Lançada a campanha, não tardou para que uma organização denominada Associação Brasileira de Negros Progressistas (ABNP) a criticasse. De acordo com a matéria da Folha de S. Paulo: "A ABNP [...] pediu ao STF (Supremo Tribunal Federal) que processe o ministro José Serra [...] por crime de racismo por causa da apresentação de uma mulher negra na nova publicidade oficial sobre prevenção da AIDS. A entidade sustenta que a imagem da mulher negra está sendo ofendida por ela estar exposta no anúncio publicitário da campanha como prostituta ou 'vulgar e irresponsável' [...]. A associação é a mesma que distribuiu panfletos em vários pontos de São Paulo acusando a Folha e o Datafolha de racismo. [...] 'O governo federal recusa-se a colocar na publicidade (oficial) cidadãos negros em campanhas dignas, mantendo-os invisíveis', sustenta a associação. [...] A ABNP moveu uma representação pedindo que o Supremo inicialmente determine a instauração de inquérito policial e que depois processe e julgue Serra pelo crime de racismo. [...] A Constituição e a legislação brasileiras estabelecem que o racismo é crime inafiançável e imprescritível..." 24.
Na ocasião, representantes governamentais se pronunciaram, defendendo a campanha: "Para o Ministério da Saúde, a campanha não é racista.
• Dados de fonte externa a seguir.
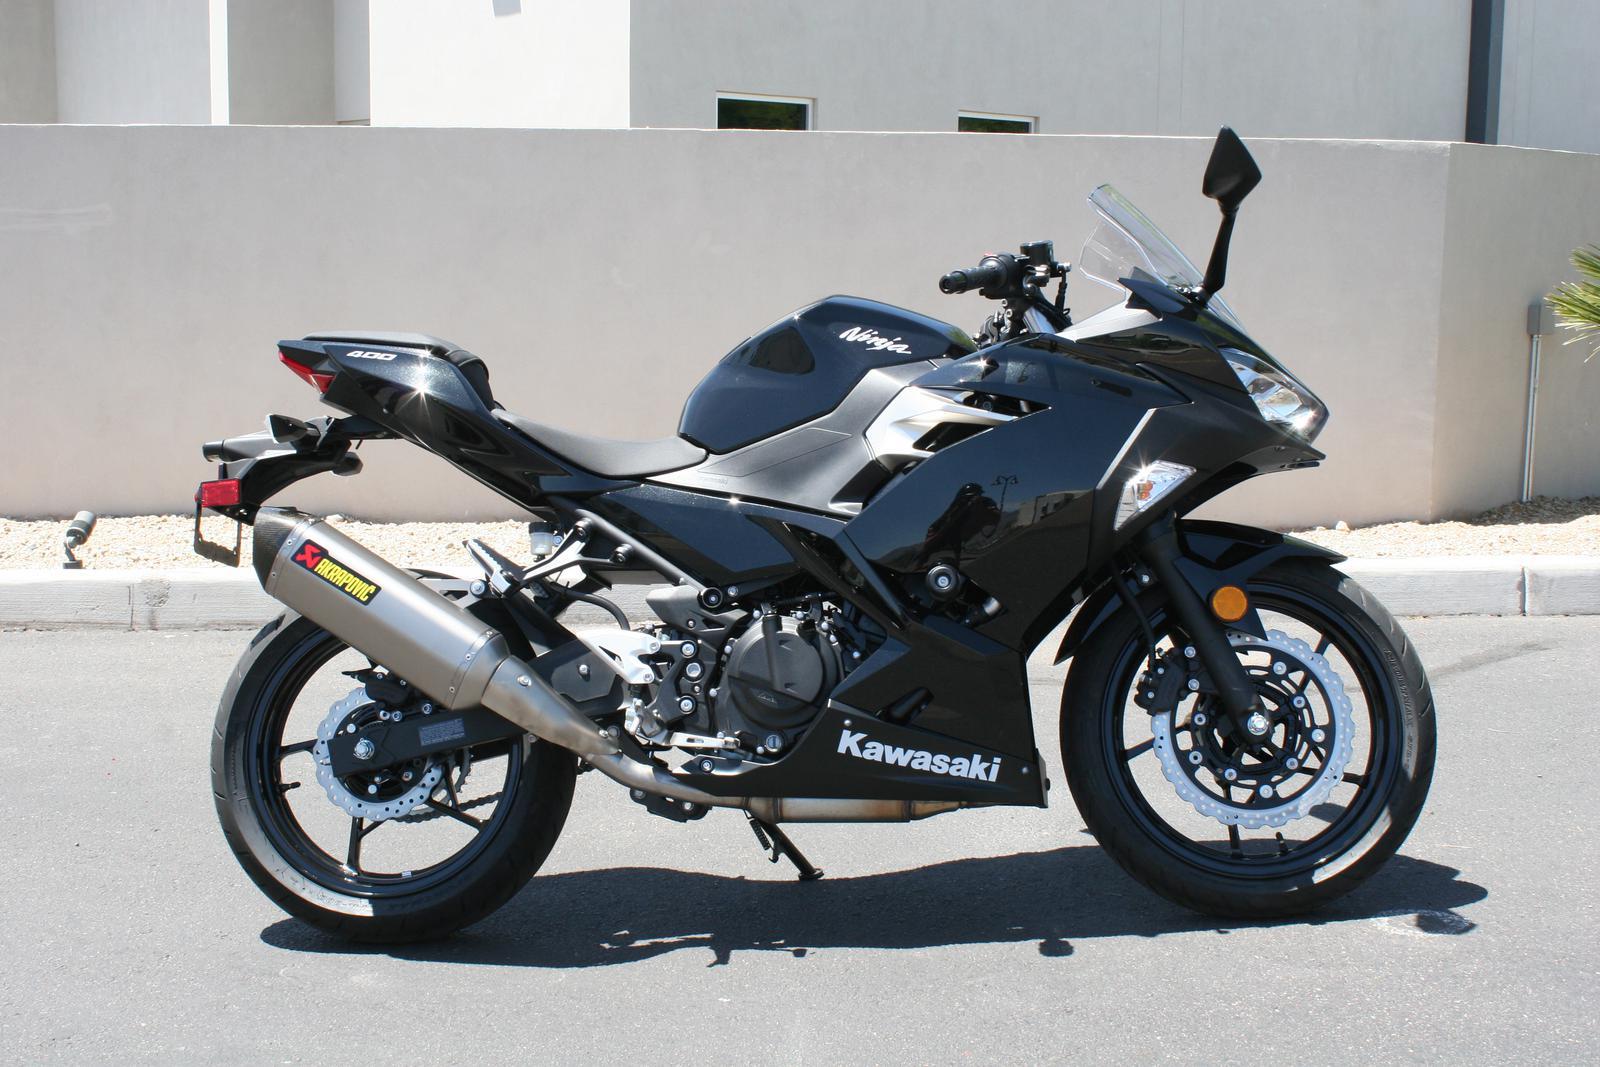 2019 Kawasaki NINJA 400 for sale in Scottsdale, AZ | GO AZ

O Ministério informou ontem que a atriz foi escolhida entre 30 candidatas, grupo que incluía louras, morenas e negras, e que só teria ocorrido racismo se a melhor candidata não pudesse estrelar a campanha pelo fato de ser negra" 24.
Um mês depois, um jornalista da Folha de S. Paulo entrevistou três mulheres ativistas negras e a atriz da campanha 25. Elas se manifestaram de forma bastante distintas.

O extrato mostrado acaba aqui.